Karofsky's reappearance and interaction with Kurt in the third-season episode "The First Time" received very positive reviews. Anthony Benigno of The Faster Times characterized the scene with Kurt and Karofsky as "subtle" and "a home run", and Entertainment Weeklys Abby West called it a "perfect little nuanced scene", while Michael Ausiello of TVLine said it was his "favorite scene of the episode". His next appearance in "Heart", again with Kurt, was described by Slezak as "electric, with Kurt tenderly giving the 'just friends' speech to Dave". Entertainment Weeklys Joseph Brannigan Lynch thought the plot of having Karofsky be Kurt's secret admirer was "vaguely stalker-ish on Karofsky's part, and contrived on the part of the show", and Robert Canning of IGN predicted that after Karofsky had been seen by his classmate, it would "just be an episode or two before Karofsky gets bullied into thinking about suicide, if not actually taking his own life". When he reviewed the next episode, "On My Way", which featured Karofsky's suicide attempt, Canning stated that his "cynicism [in the "Heart" review] was won over by a powerfully acted and directed story". He also said, "the initial locker room scene was heartbreaking" and "Max Adler's subtle facial expressions were brilliant".

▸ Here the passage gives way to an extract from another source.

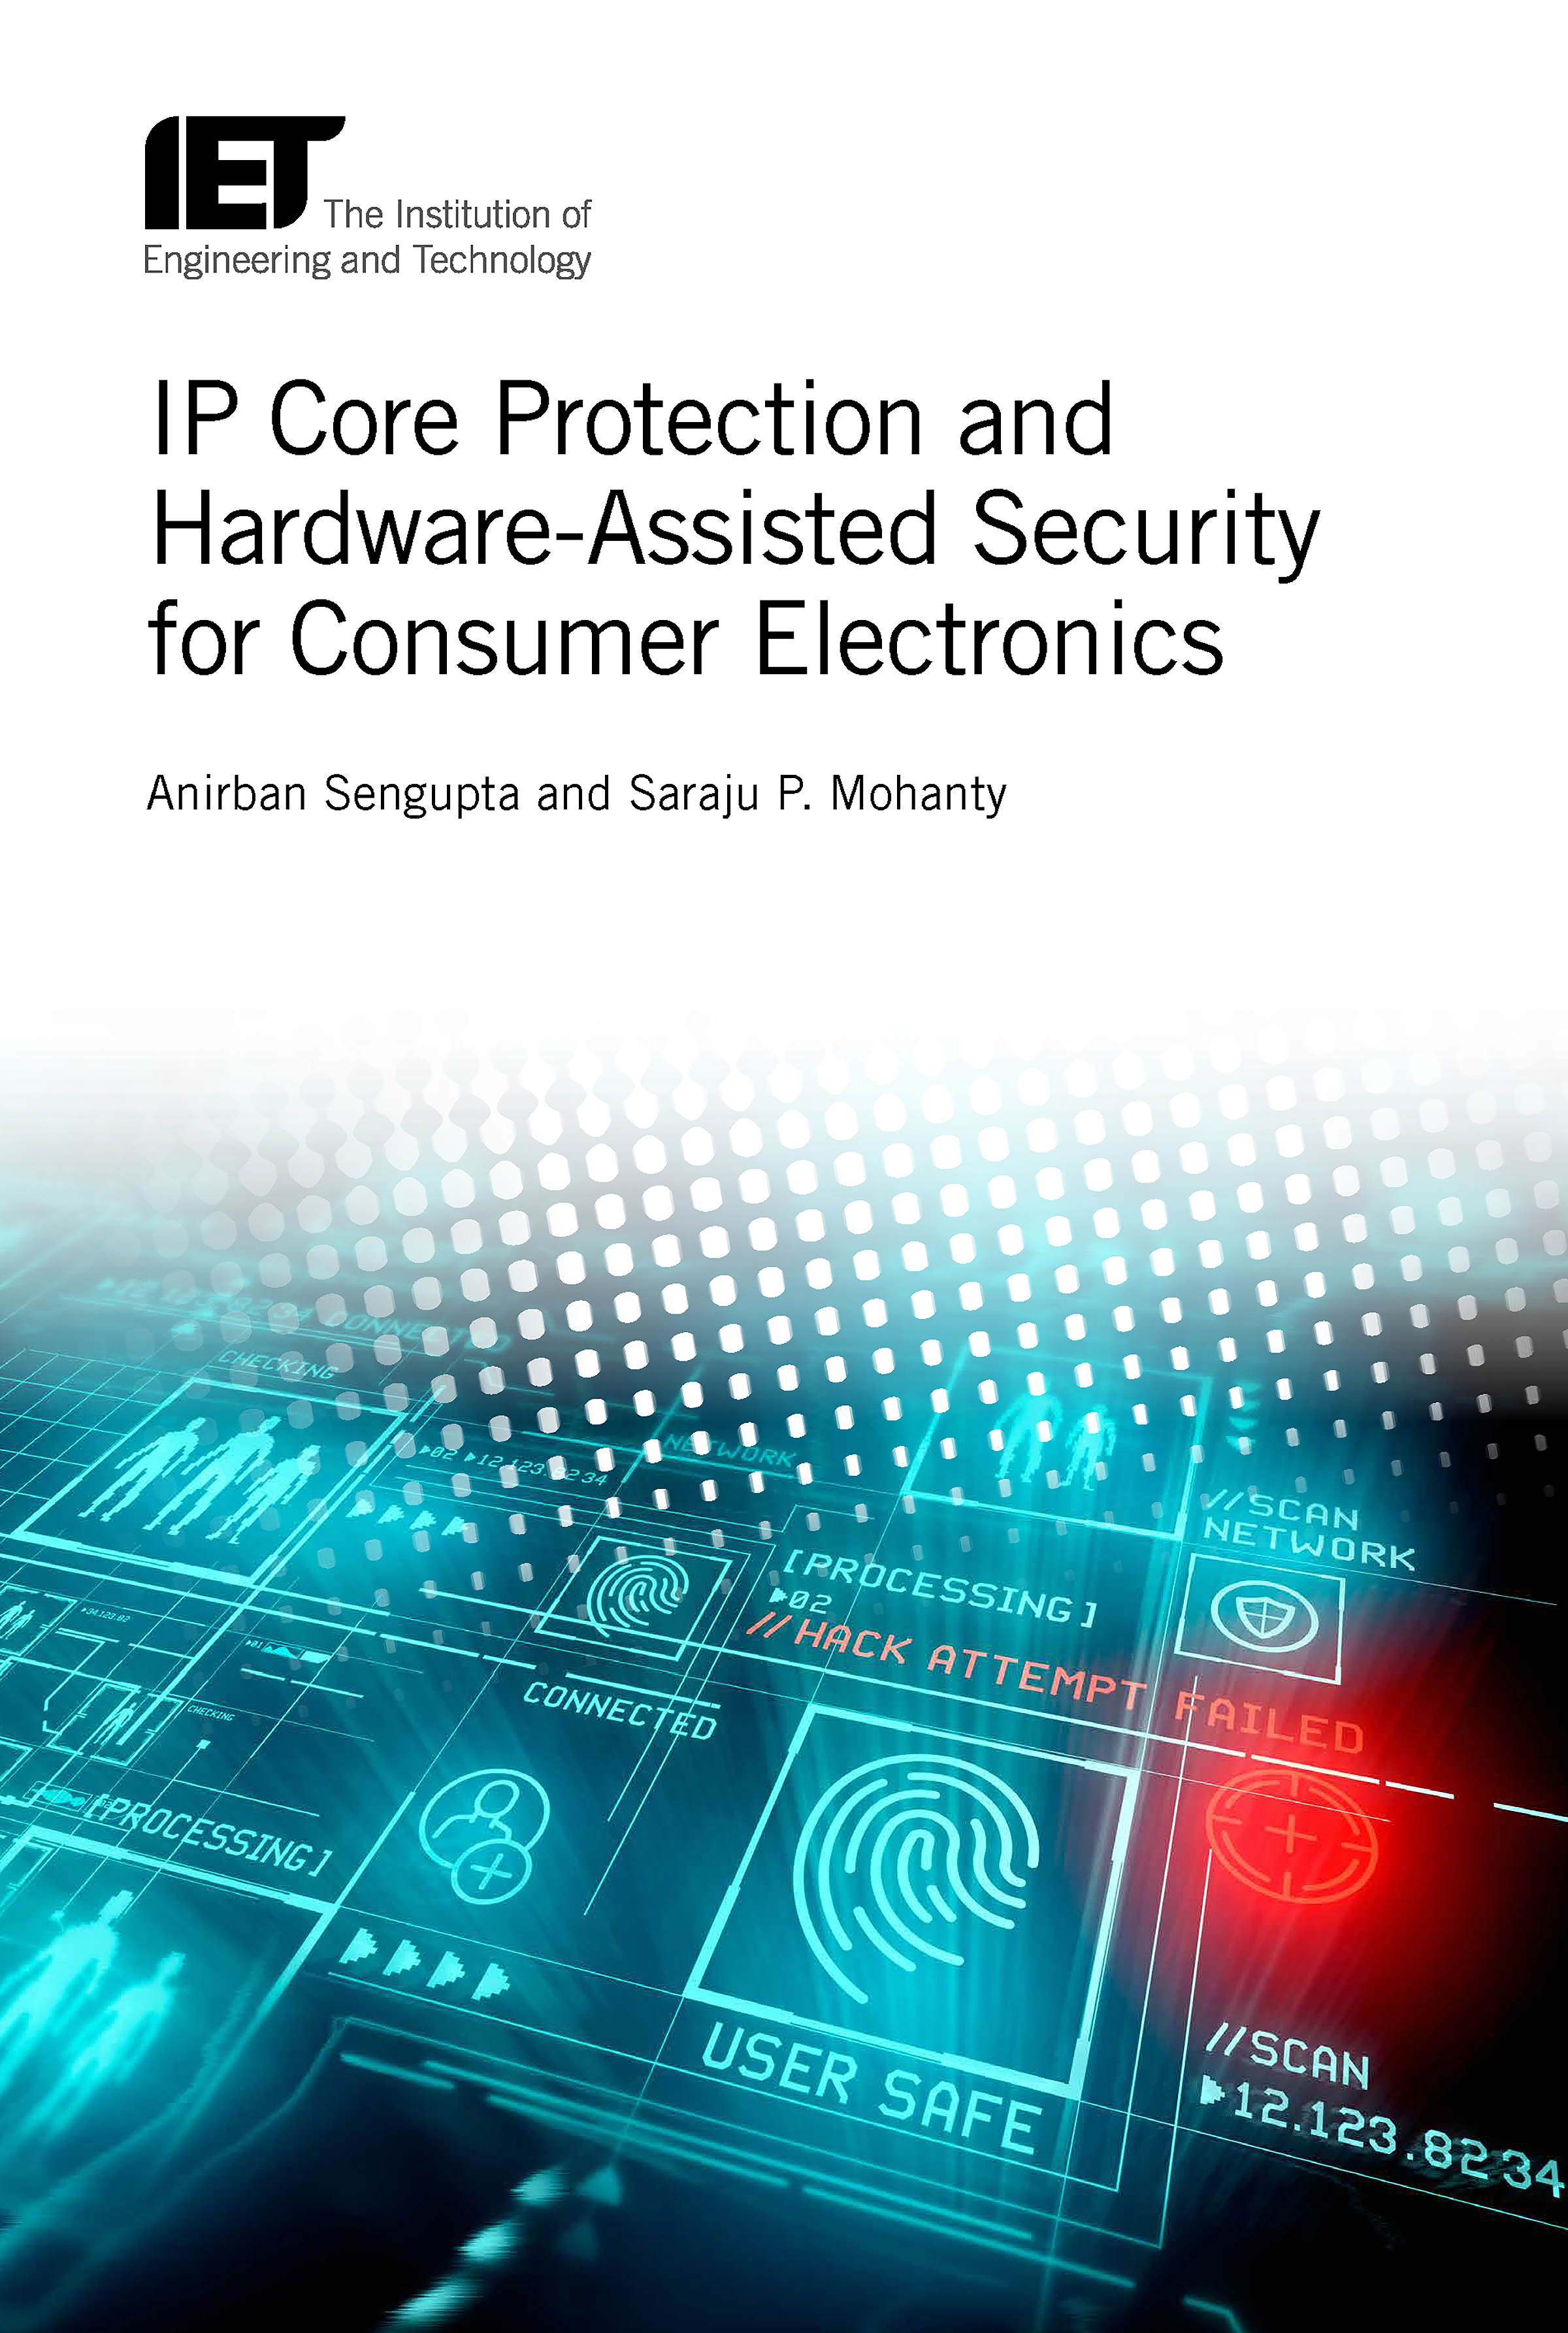 IP Core Protection andHardware-Assisted Security for Consumer Electronics, The Institute of Engineering and Technology (IET), 2019

VanDerWerff wrote, "The sequence in which Karofsky prepared himself for death was, unquestionably, one of the best things Glee has ever done", and Slezak called it "as devastating as anything I’ve seen on TV this year". HuffPost TVs Crystal Bell applauded Adler "for doing such an amazing job" on the suicide scene. She stated, "I would have preferred if Karofsky's story line would have been the focus of the entire episode." VanDerWerff commented that "as the show got the little details of Karofsky's desperate act just right, the whole thing took on a weight", and singled out the scene "where the teachers talked about what had happened and the smash cut to Karofsky's father screaming at him to get up" as "heart-wrenching". Bell declared that the "best scene in the entire episode is when Kurt visits Karofsky in the hospital". Lynch called it "one of the most touching scenes of this season" and "guileless, well-acted and eye-watering". Rae Votta of Billboard wrote, "As always, Kurt and Karofsky's scenes shine as the strongest in whichever episode they're featured."